3. Be precise and exhaustive in your commit comments.

   The second most annoying thing ever is committing with blank comments. If you’re working in a team, your peer developers will be frustrated about it and possibly mad at you, or will label you in a bad way; possibly publicly humiliate you. If you’re working alone, you will experience what you’re hypothetical development companions would have: frustration in not being able to easily track down what a certain commit did. Comments in commits are important. Please be precise and explain in detail everything you did. In the optimal case, I shouldn’t need to read your code.

4. Never ever break the trunk.

   This is probably the most annoying thing when dealing with people who can’t use versioning. Breaking the trunk is an habit that will quickly earn you the hatred of your colleagues. Think about it: if you commit a patch that breaks the trunk, and then I check it out, what am I going to do? The project won’t build so I either have to fix it, or come to your desk and complain to you. In both cases I’m wasting some time. And consider the first case again: what should I do after fixing your broken code? Commit it? Sending you a diff? If I’ll commit, chances are that you’ll have conflicts when you checkout, and you’ll have to waste time in resolving them. Maybe sending you a patch would be the best way, but still it’s a waste of time for the both of us. So the thing is: before committing, ALWAYS double check! Make a clean build and make sure that it builds.
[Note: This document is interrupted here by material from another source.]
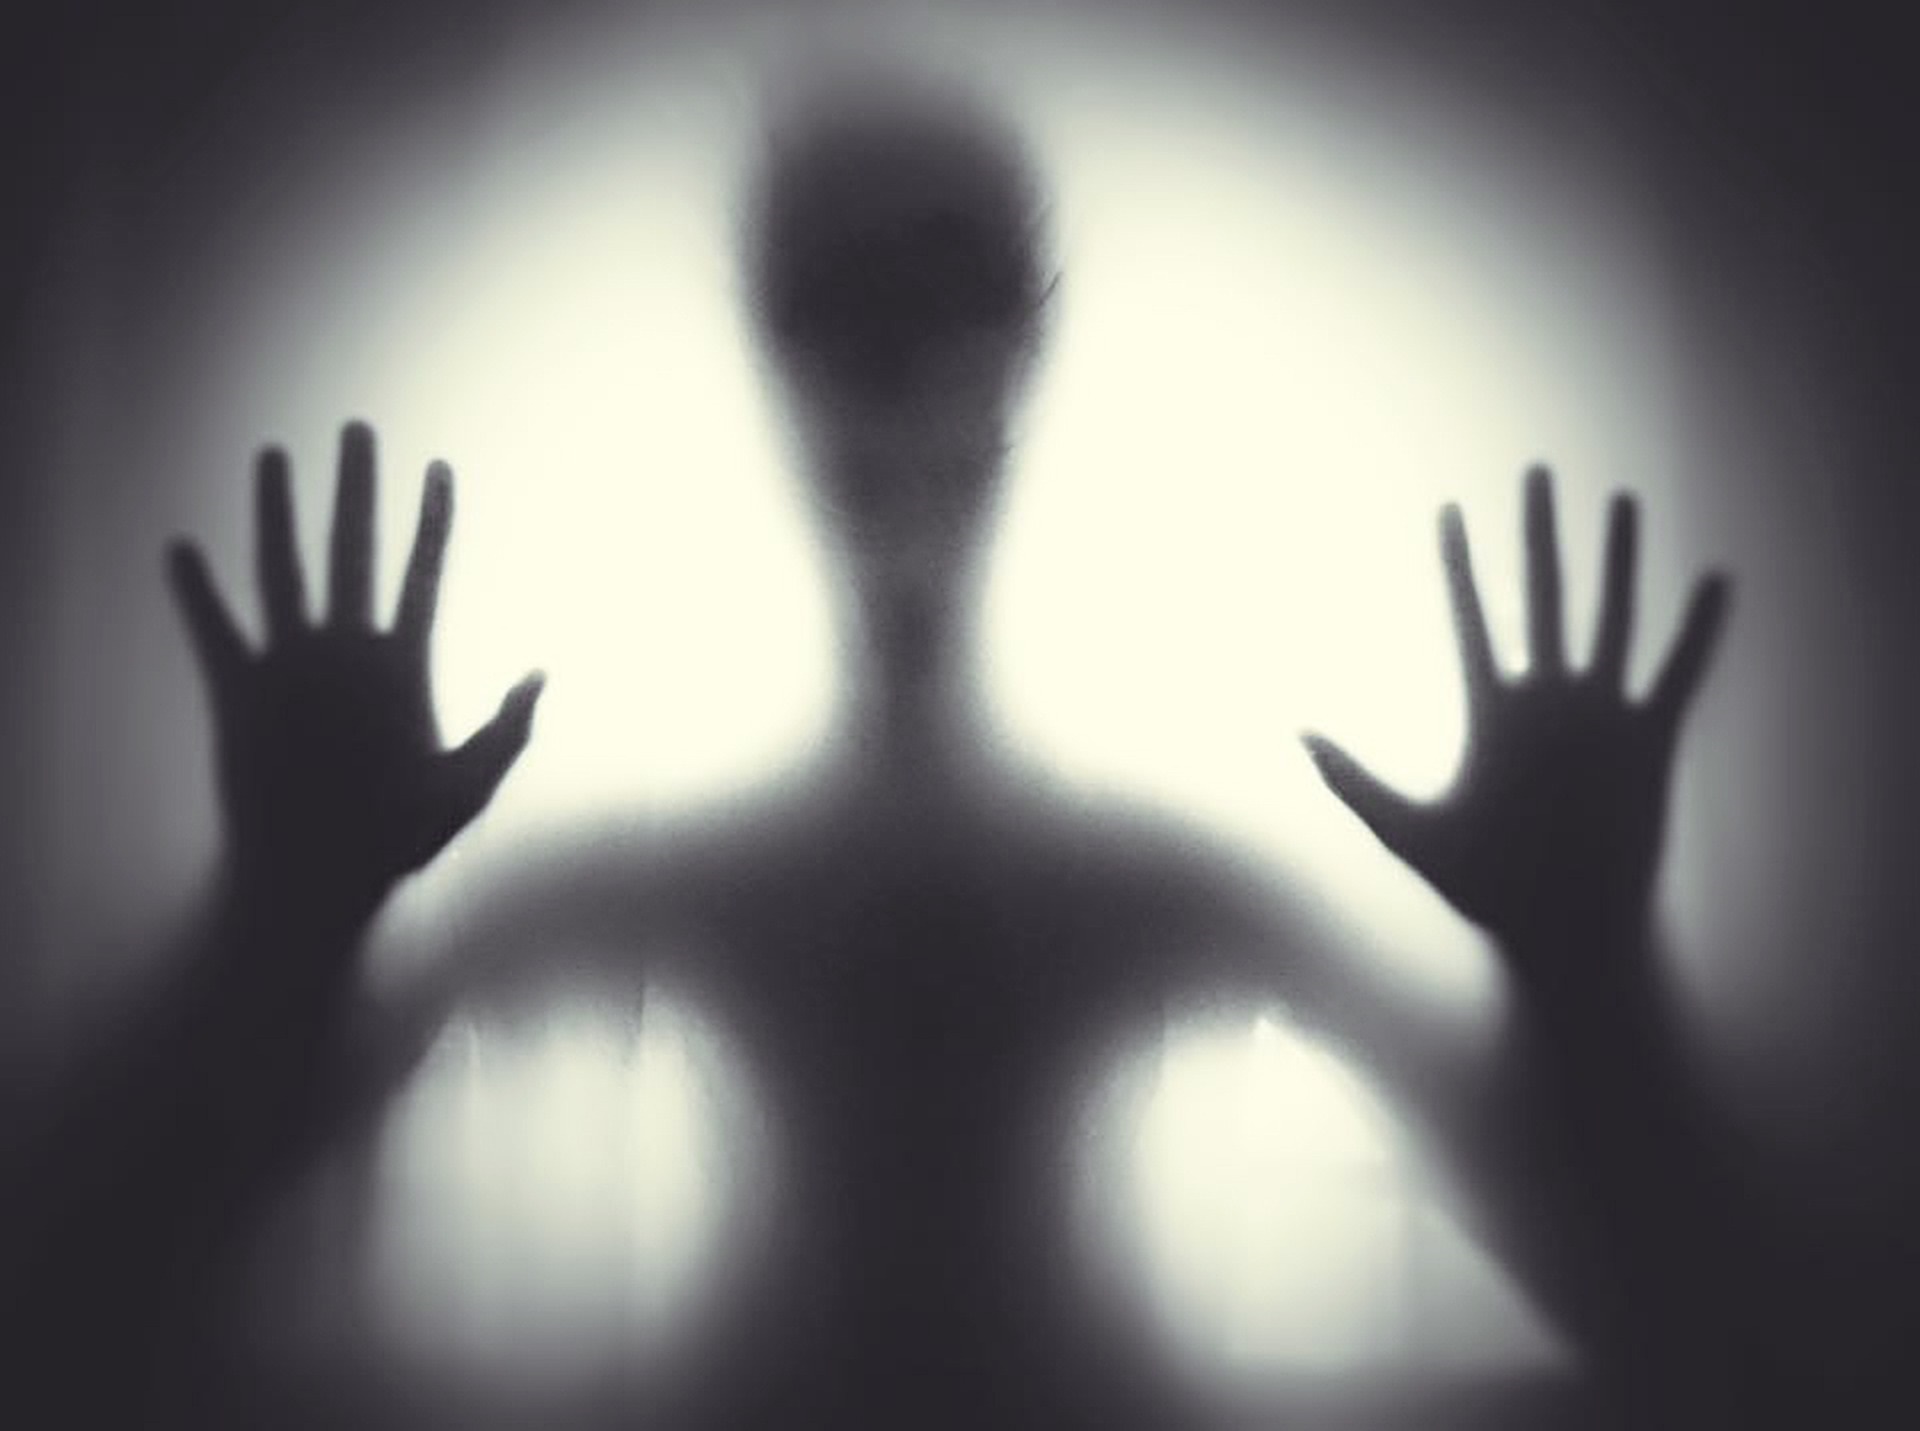 A silhouette of a person with their hands on the screen is illuminated ominously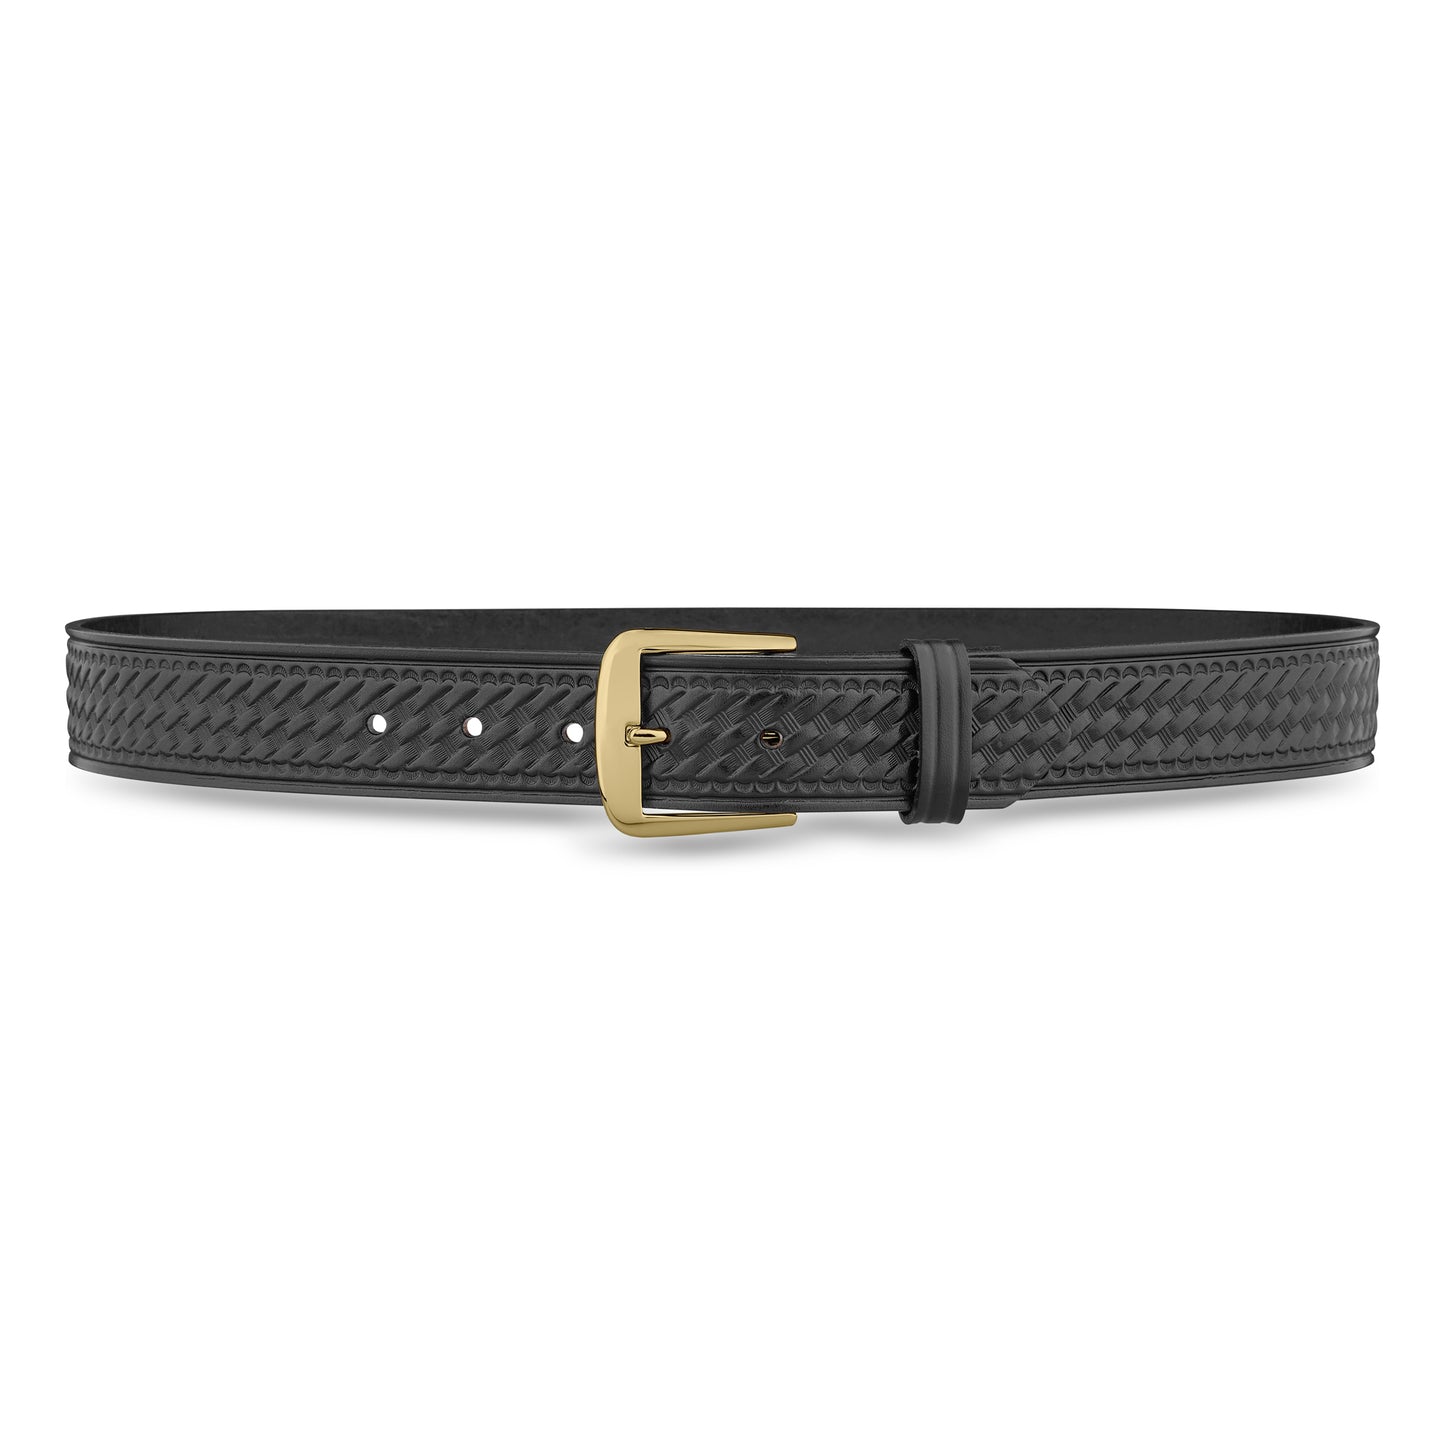 1-1/2" Black Basketweave Leather Thick Garrison Belt with Gold Buckle by Dutyman

And don’t forget to add files! It’s a very common mistake: committing good code, but forgetting to add a file. You won’t realize, because the thing builds, but when I’ll checkout, I’ll have troubles, because of missing file(s). If you’re using Darcs, just make a “darcs get” in a new directory, and then build.

5. Branch only if needed.

   There are some ways to handle branches, but here’s my favorite. The most of the work should happen in the trunk, which is always sane, as stated by the previous practice, and the patches should always be small, so that they can be reviewed very easily. If you find yourself in the situation of needing to write a large patch, then you should branch it. In that way you can have small patches that will break your branch over the time, but they can be easily reviewed. After the process is completed, i.e. you’ve achieved your goal of fixing a bug or implementing a new feature, you can test the branch thoroughly, and then merge it to the trunk.

Having been coding for 16 years now (I started quite young), I have seen a lot of bad code. Code is not good just because it works. So here’s a quick list of 10 advice that you’d better keep in mind while coding.

1. Don’t sacrifice code maintainability to performance, unless it’s strictly necessary.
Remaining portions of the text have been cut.